Viv Martin: studio work











Flower Power Project: Phase 2

End of July – mid September 2009: Project Development

Planning and making

1) Flower Power Cluster
I had made a number of small digital prints of the Flower Power print and had tried various ways of clustering them to create a large composite image. These had an ‘op art’ effect in causing the viewer to see different combinations as clusters of three or four and something of a meditative mandala feel. I decided to make a large version and worked out that it would have to be more than two metres in each dimension to include enough separate flower clusters to be interesting as a composite image. I thought that this would be very difficult to manage as paper, so decided to try it with canvas and to approach it something like making a large painting.

I ordered a large roll of primed canvas, choosing a smooth surface to take the print and a lightweight general purpose canvas to keep the overall weight down. At first, I thought I would use the process that I had used for the Flower Power print, making a silkscreen print in acrylic and overprinting with the woodcut relief using an oil-based ink. I was worried on several counts; firstly that the oil-based ink takes some time to dry and I didn’t want to use a water-based ink on the wood block in case it warped, secondly that the relief print is quite time- consuming to ink and print, and thirdly that I didn’t know if screenprint would work on primed canvas in a similar way to printing on paper. From the small scale trials I knew that I would need at least 19 prints.

I decided to make them as screenprints so that the image would be in acrylic on canvas, allowing me to paint over or around if I wanted to later, and also because it should be quicker to achieve. So I cut the canvas into squares big enough for the full size print. I found the canvas rather fragile, with a tendency to crease easily. I made a relief print from the wooden plate in oil-based black ink onto transparent acetate and left it to dry, ready to prepare a screen using the photopolymer.

Using the same screen and ink as I’d used for the Flower Power print, I tested screenprinting on an off-cut of canvas and found it took it well but the canvas had a tendency to stick to the screen, so needed the vacuum on. Then I printed 21 orange line drawings and laid each flat to dry – I needed the whole print room to myself to have space! I prepared the screen for the larger woodcut image – it fitted on the screen with about an inch clear on each side, so I thought it would be alright. In practice, I found that the edges close to the frame tended to blur and sometimes flooded onto the print. This might have been because the pressure of the blade was slightly less at the sides, or because the screen made contact less successfully there – anyway, I kept printing and cleaning up the screen to do all 21, although two were quite badly damaged. I thought that much of the damage would be lost in cutting out the print, which I intended to do to mount it onto a large sheet of canvas. This all took several days, but once dried, I cut out the prints and laid them onto a large sheet of canvas on the studio floor.

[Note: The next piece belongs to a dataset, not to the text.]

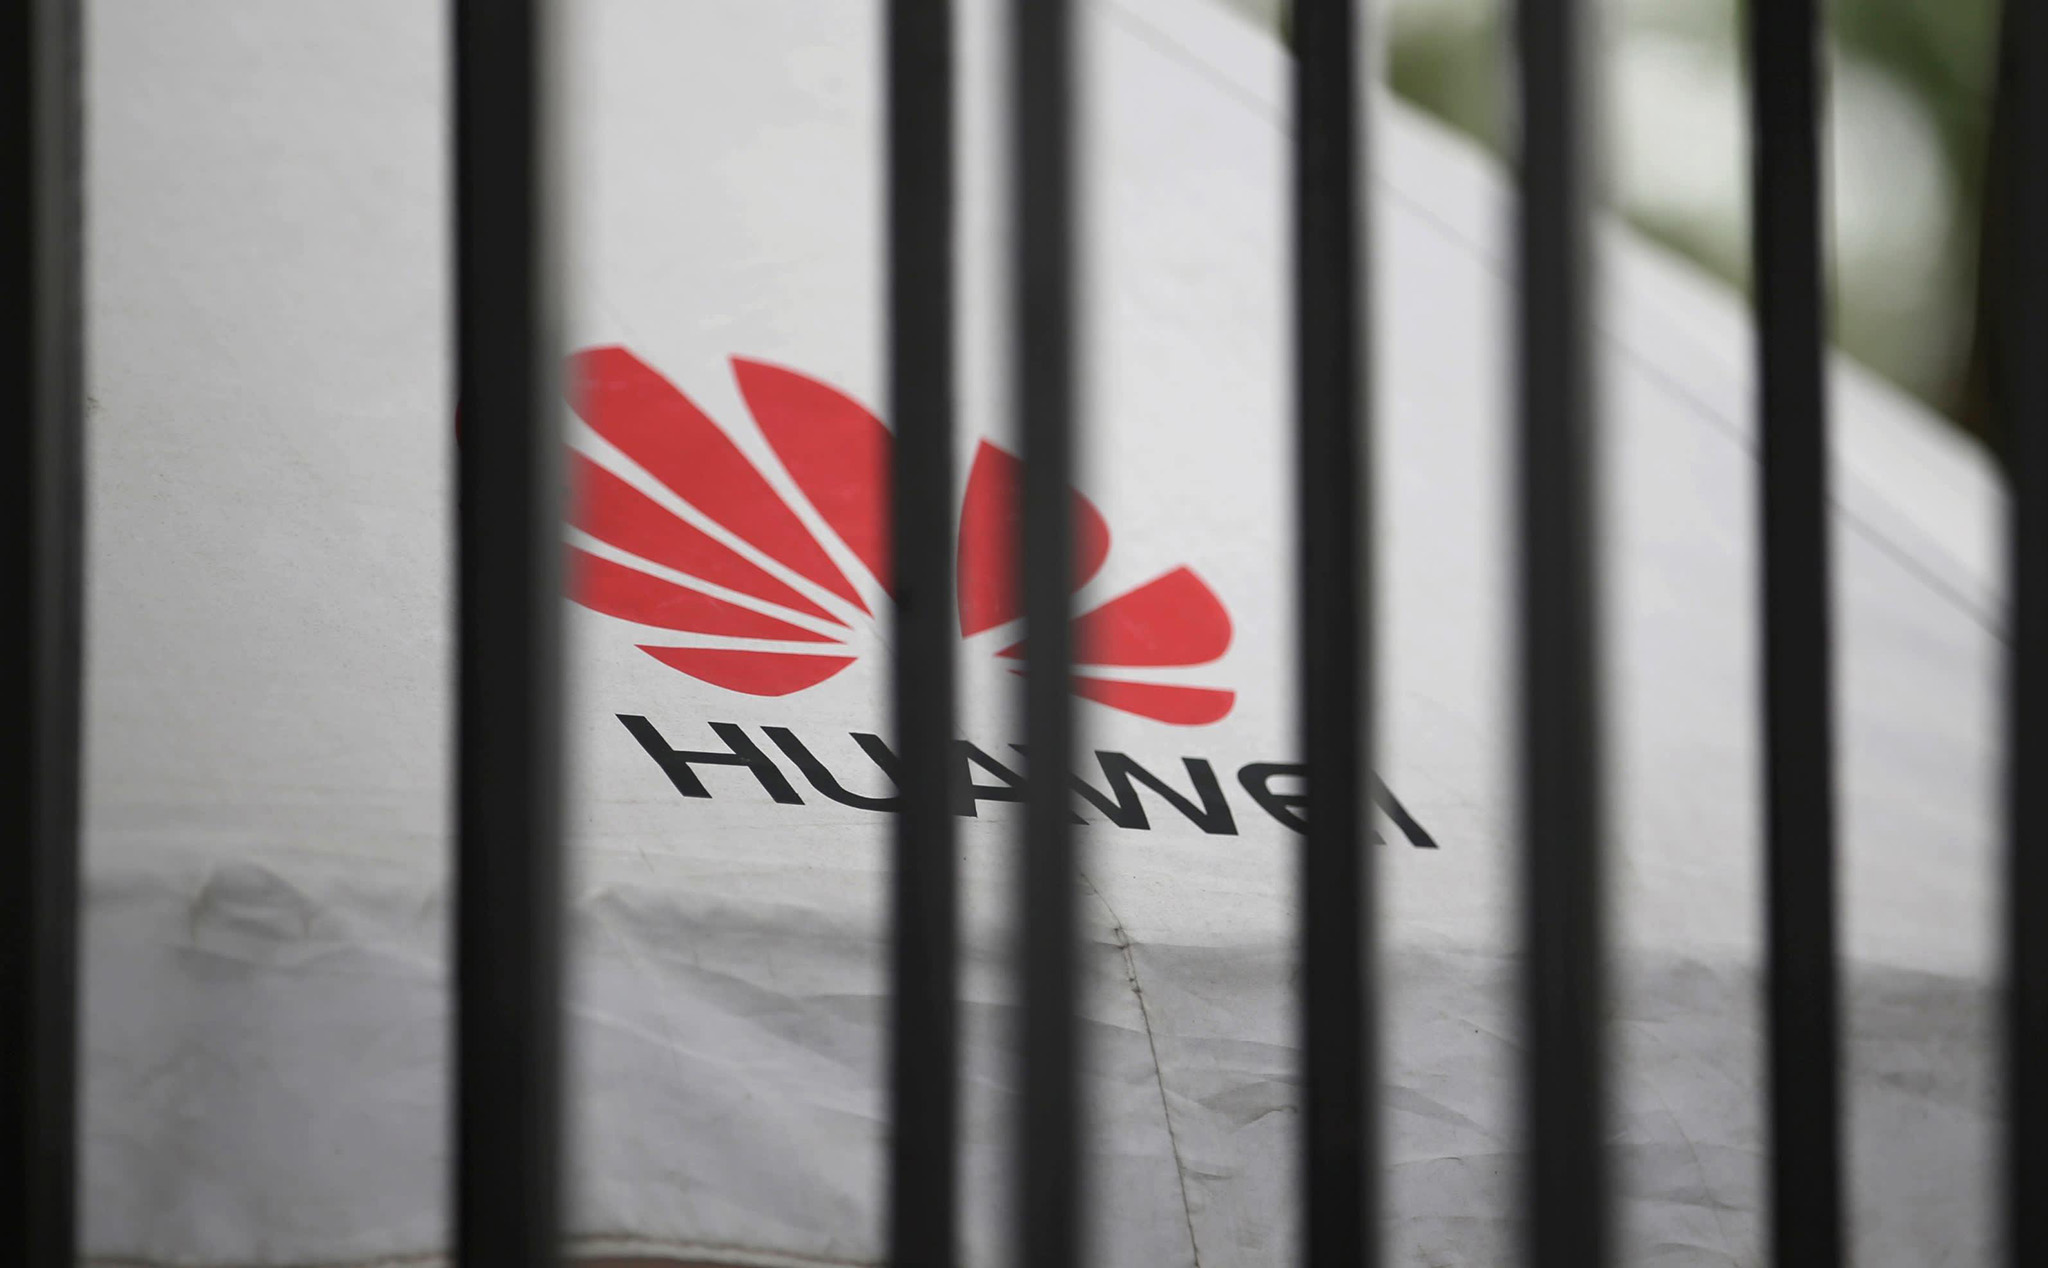 Anh sẽ bắt đầu cấm các nhà mạng dùng thiết bị 5G của Huawei từ tháng 9 năm 2021

I had cut the canvas backing and stapled a deep hem at top and bottom, so that there would be room to slot in a pole to hang it all up like a banner. I used the acrylic printing ink to touch up areas of the print that had smudged a bit, but quite liked the irregularity and unevenness in each image. I found that it was important to turn each round a little when laying them against each other, because it read as a repetitive pattern rather than a counterpoint of different types of relationships, which was much more interesting. If they all touched each other there was also a rather mechanical pattern, but with each print not touching another there was a much more interesting networking relationship. I worried a bit about what sort of impact the weave of the canvas might have.

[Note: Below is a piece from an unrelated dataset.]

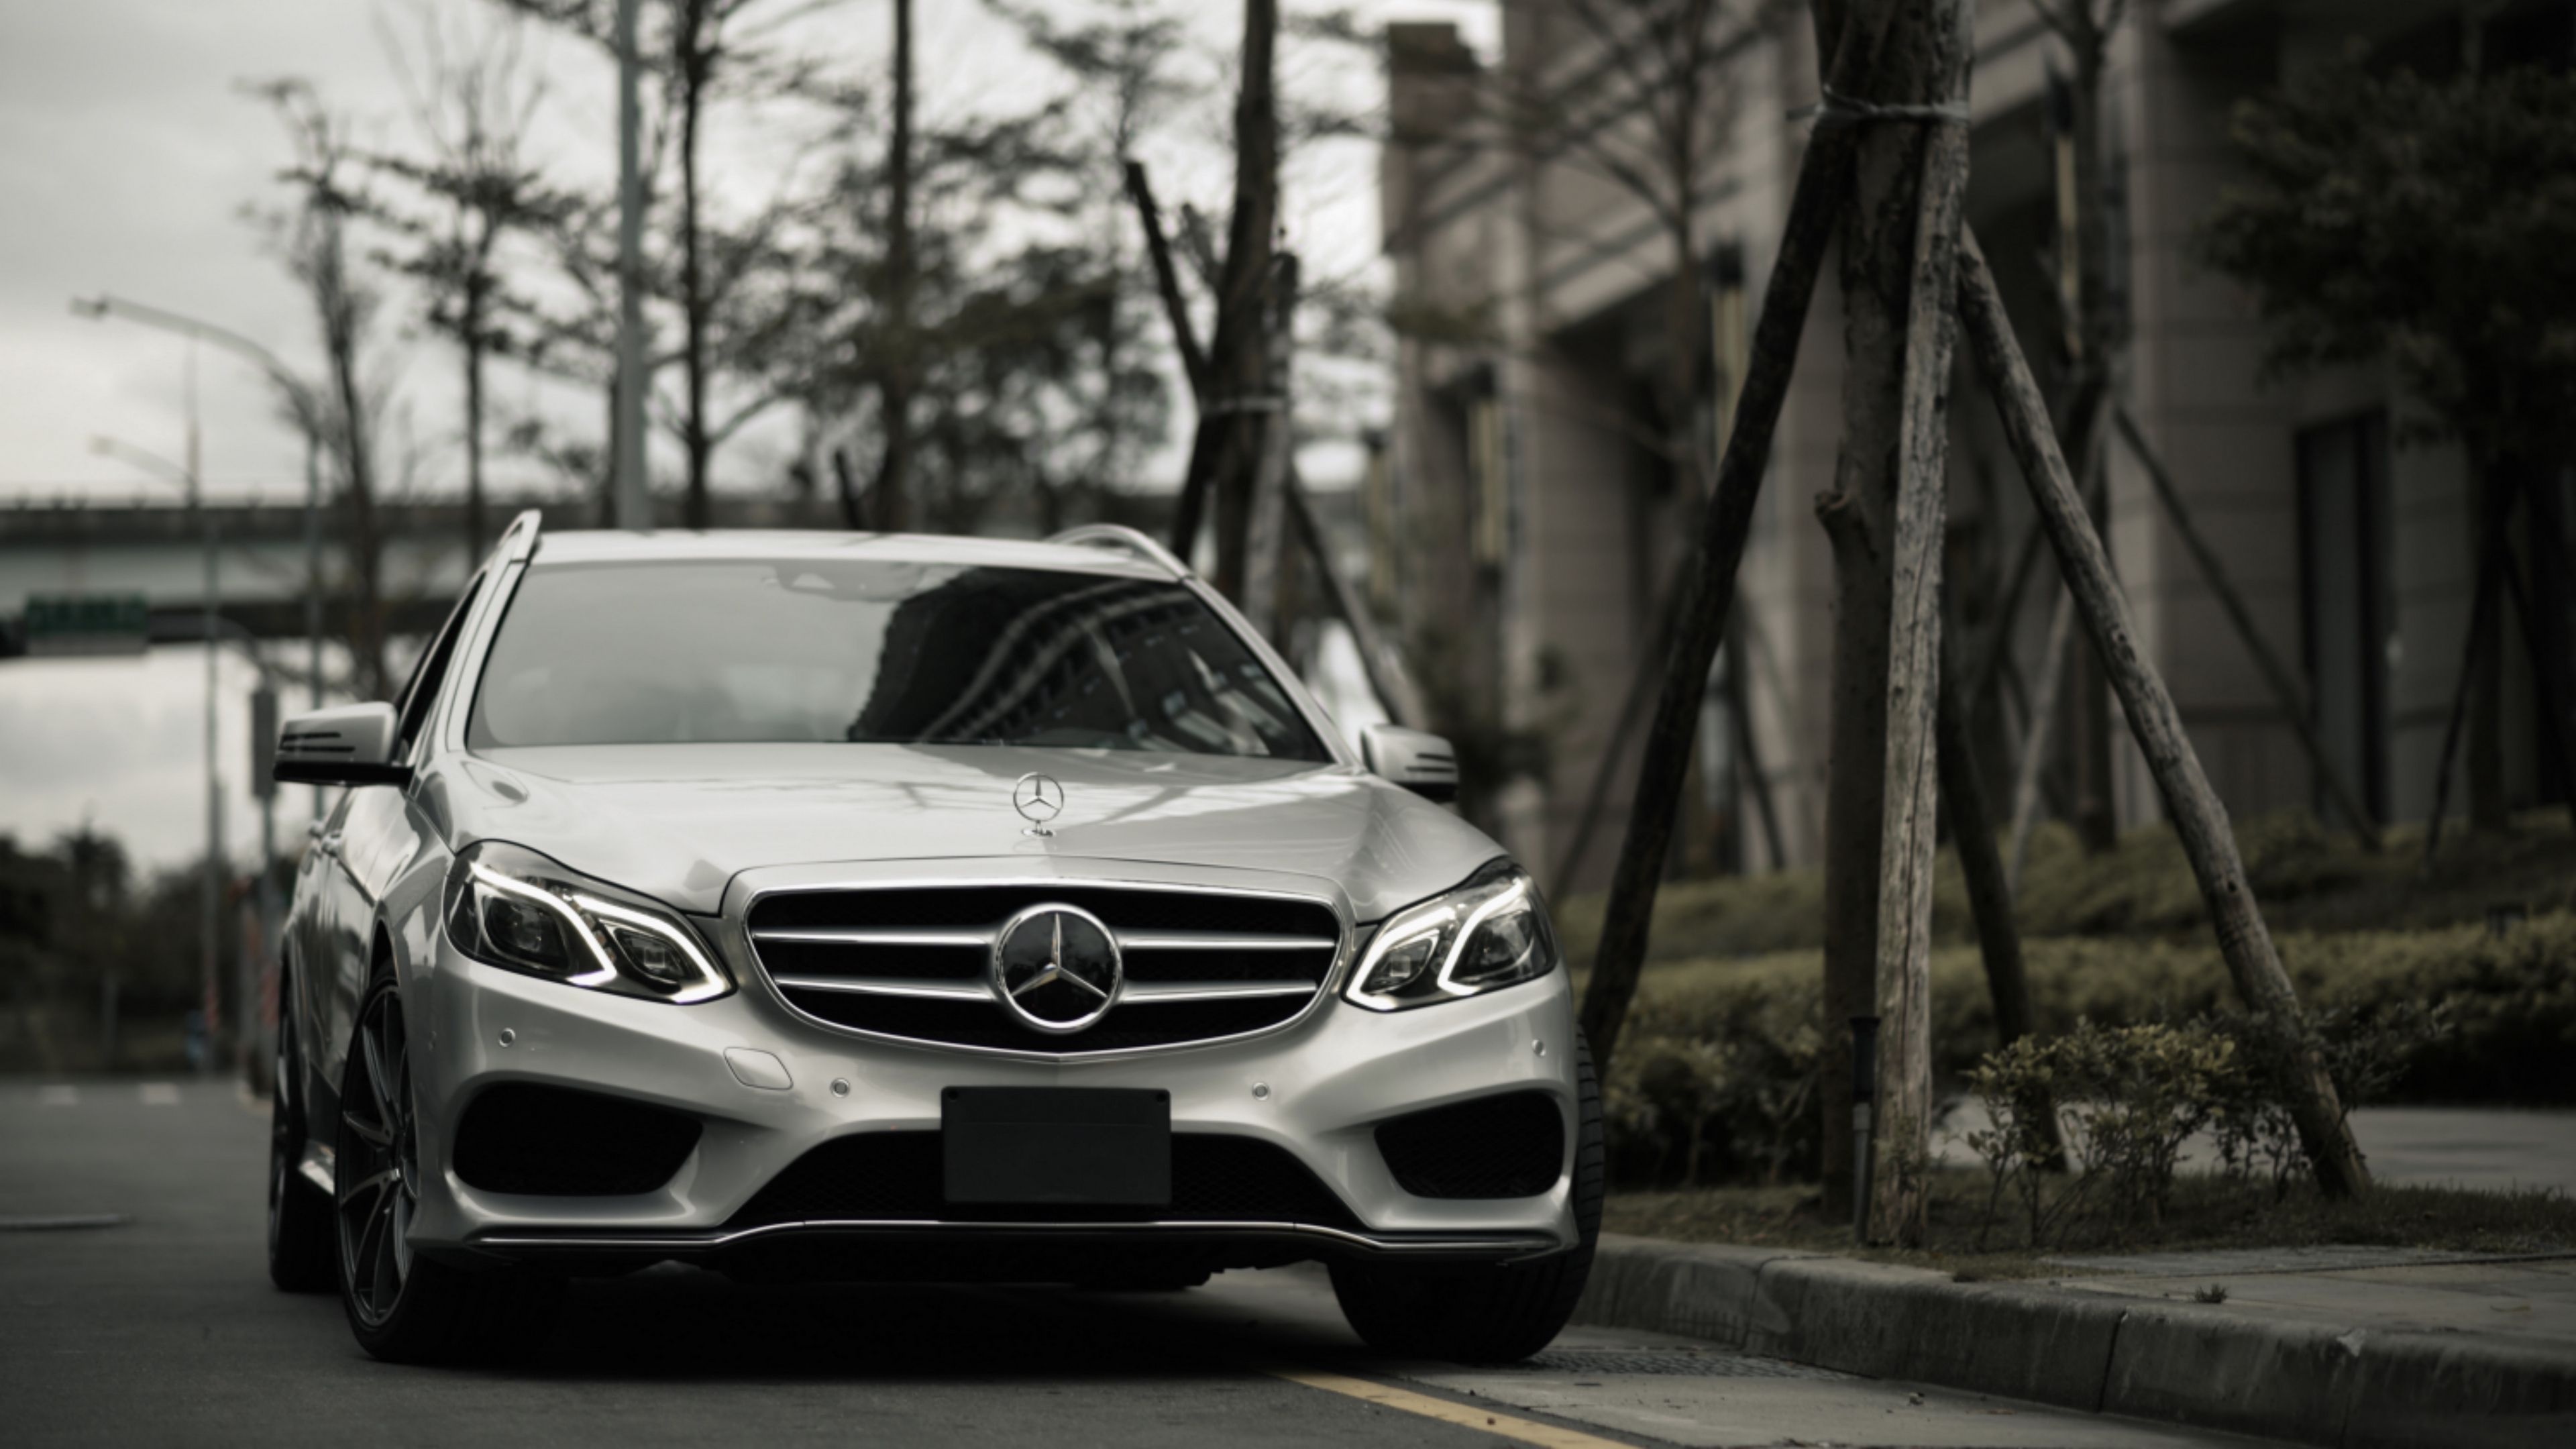 Mercedes-Benz E-Class, Luxury sedan, Top-notch wallpapers, High quality, 3840x2160 4K Desktop

I stuck the prints onto the large canvas with Unibond, a fairly fast-drying PVA glue that bonds an absorbent surface to an unabsorbent one. Did a few trials and found that I had to apply the glue to the primed surface rather than the unprimed back of the prints because that caused them to curl up very quickly, so I had to mark out the edges of each print before applying glue. I decided to only glue a few at a time in case the wetness warped the canvas. It did. I also found that I had to put weights on the prints to keep them flat on the canvas backing, which probably caused more pulling on the canvas as the glue dried. I found that once the glue had dried, the canvas returned quite well, although there was some distortion – it proves how essential stretchers are! Once all the prints were attached, I allowed the canvas to dry again and then hung it on the studio wall (which wasn’t quite high enough). I also noticed that the wooden pole had a tendency to droop in the centre, which will cause the canvas to drape rather than fall straight.

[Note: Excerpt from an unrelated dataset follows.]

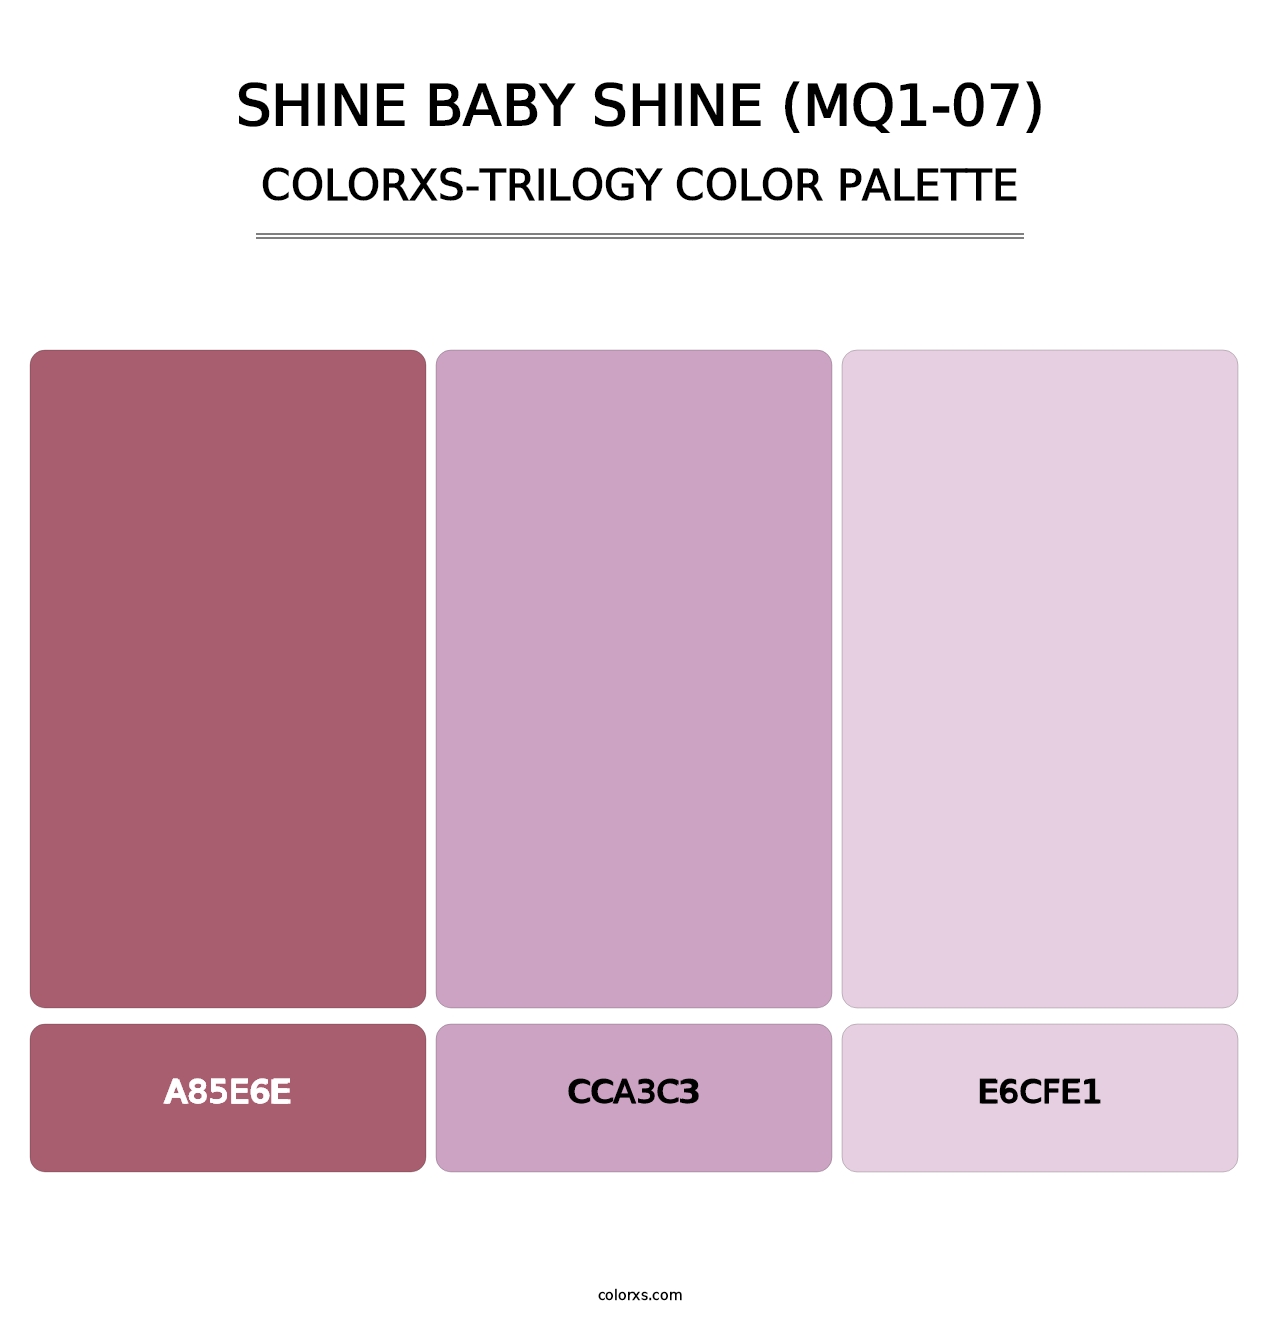 Shine Baby Shine (MQ1-07) - Colorxs Trilogy Palette

2) Composite flower cluster
This piece was an attempt to create a large print by using a small print block repeatedly, rather than cutting a large block. I used an easily cut rubber to make a small block with three different flower heads, touching each other.

I then tried this out as a print on A2 paper, starting with a light tone in the centre and working it darker towards the edges, without trying to arrive at a circular image. This worked quite well, but lacked the variety of marks that were in the Flower Power print because of the use of a line drawing overprinted by larger block cut marks. I drew a line drawing over and between the print marks, which created more interest. I liked the red line and edges, but not the pink in the centre. I decided to make the large print in black and grey tones over a red line drawing.

I then cut a piece of large paper (which I’d ordered with the canvas roll) and hung it on the wall to work on. I measured out and lightly marked a circle 1 metre in circumference. My first problem was making a line drawing working vertically, but I found that a round glass pen held a lot of ink and worked at that angle. Once the line was dry, I began to build up the print, working from the centre out and from light tone to dark. It was difficult to work an even transition of tones and there was rather too strong a jump in tones near the centre, so I overprinted a few marks to even it out.

This was successful in producing a large print from a small plate. I’m not sure how I will mount the print as it seems too large to frame under glass without it becoming very heavy.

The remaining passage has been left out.